Mirvish Village is dead. Long live Mirvish Village. In the area near Honest Ed’s this week, workers had put up fences around a string of Victorian houses on Markham Street, preparing to gut them, while creatives assembled an “Art Maze” inside the old Honest Ed’s store for a festival and sendoff, An Honest Farewell, this weekend.

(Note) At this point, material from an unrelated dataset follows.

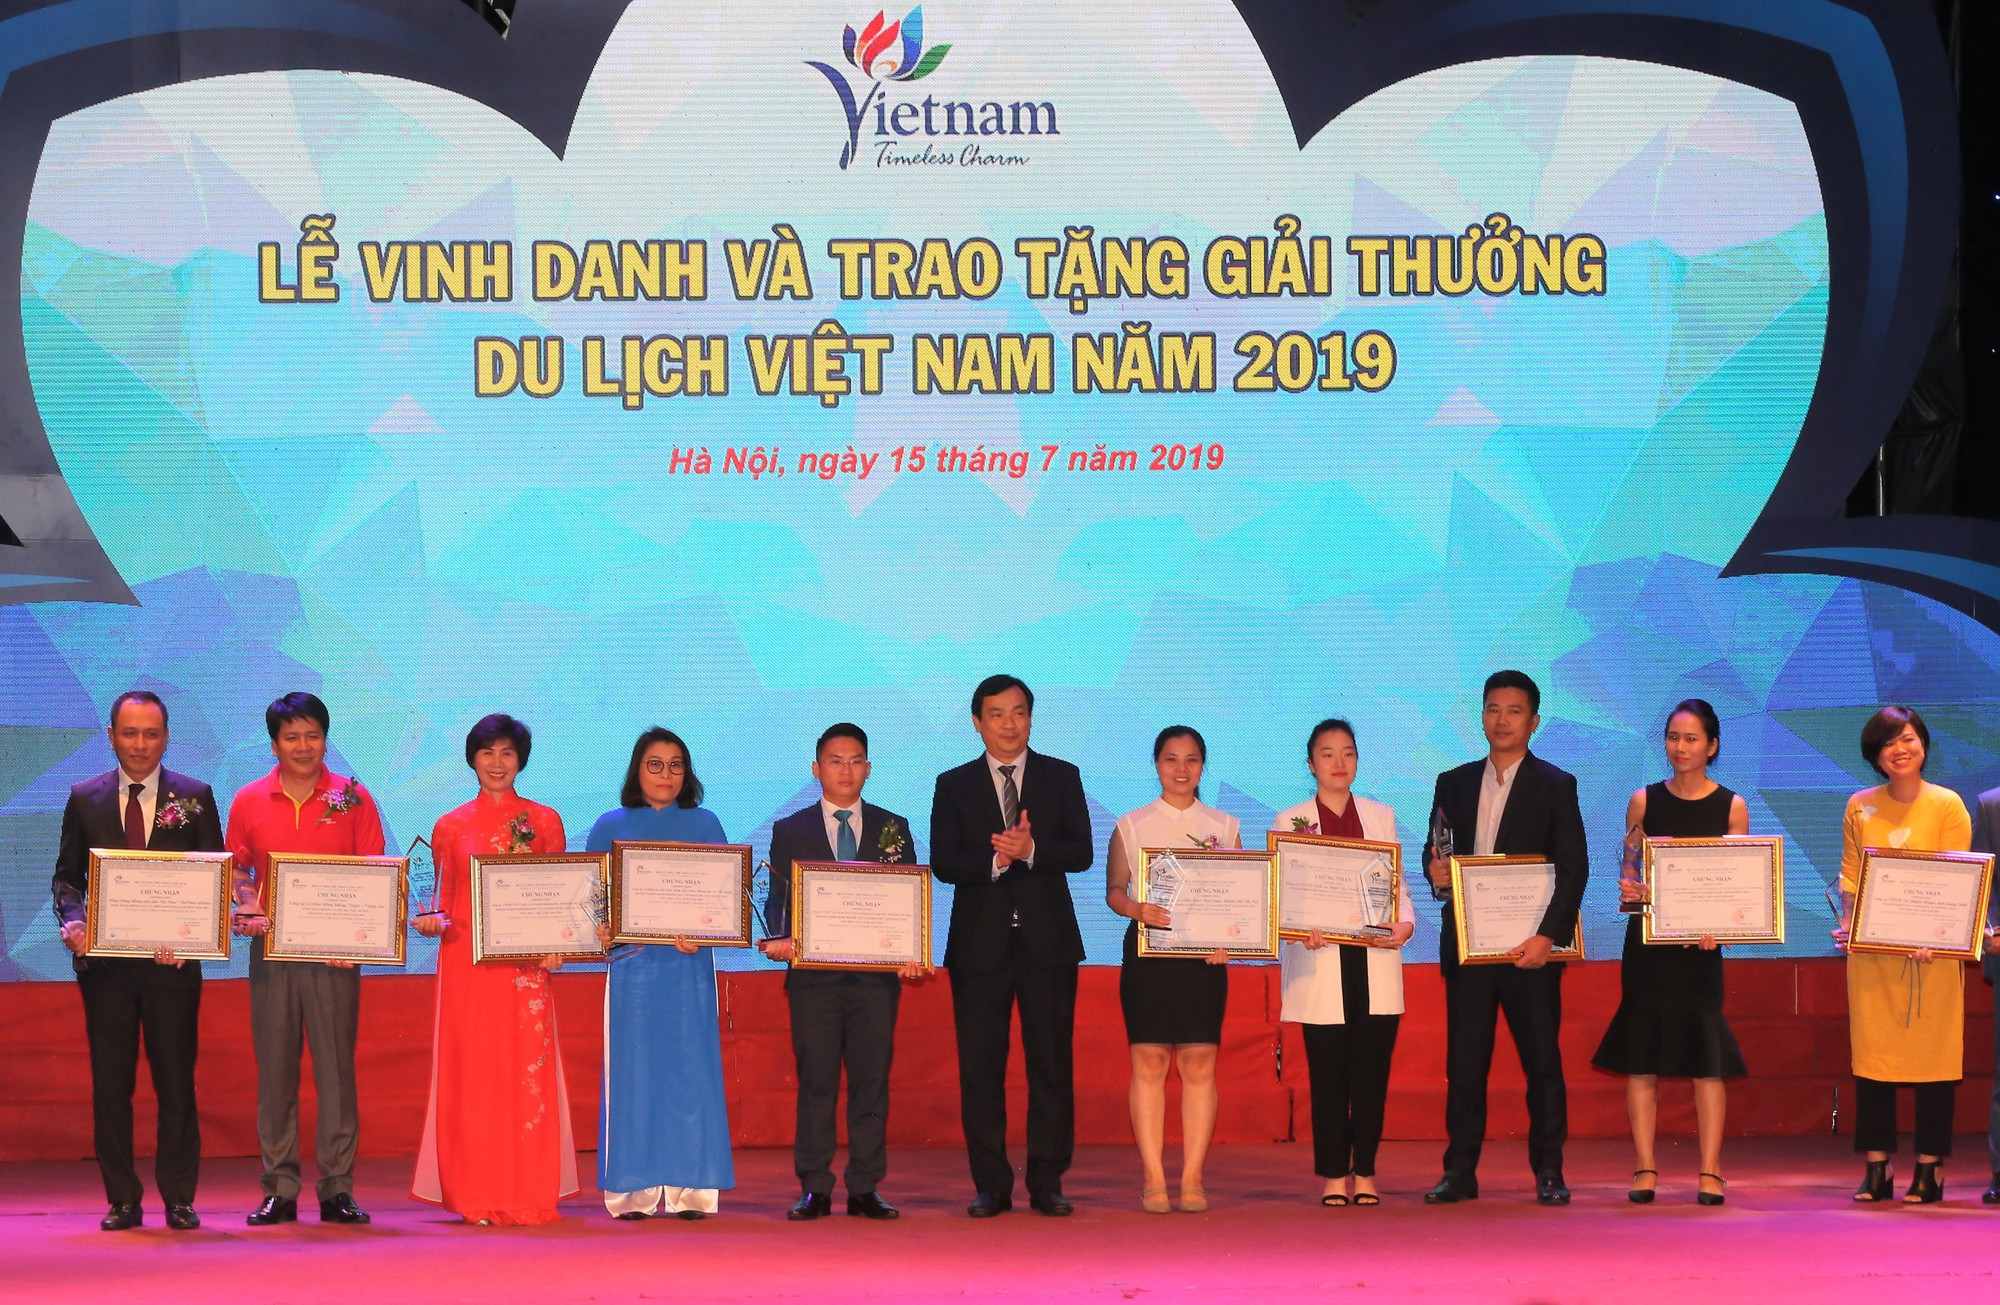 Tổng cục trưởng Tổng cục Du lịch Nguyễn Trùng Khánh trao giải cho doanh nghiệp kinh doanh vận tải khách du lịch đường thủy tốt nhất Việt Nam.

It’s the end of an age at Bloor and Bathurst Streets: the loveable shambles of Honest Ed’s is gone forever. But as this weekend’s events suggest, the past will continue to have a presence on the site.

The new development at Mirvish Village, after two years of conversation between developers Westbank, locals and the city, is inching closer to approval, with a new proposal submitted in January to the city. Westbank paid $72-million for the site, a big number, and yet the result is as good as private development gets in Toronto. It features meaningful preservation of heritage buildings, a serious sustainability agenda, and affordable housing – not to mention an architectural and leasing strategy geared at making the place as lively as possible, even a bit weird.

That’s all because the developers have been ready to engage in meaningful discussion: The city and the community have made this proposal better through talking and listening.

When the first Westbank proposal emerged in early 2015, “I think [the City of Toronto] were surprised by how much we were offering,” the main architect, Vancouver’s Gregory Henriquez, told me last week. “That’s how we deal in Vancouver: We come with our best offer.”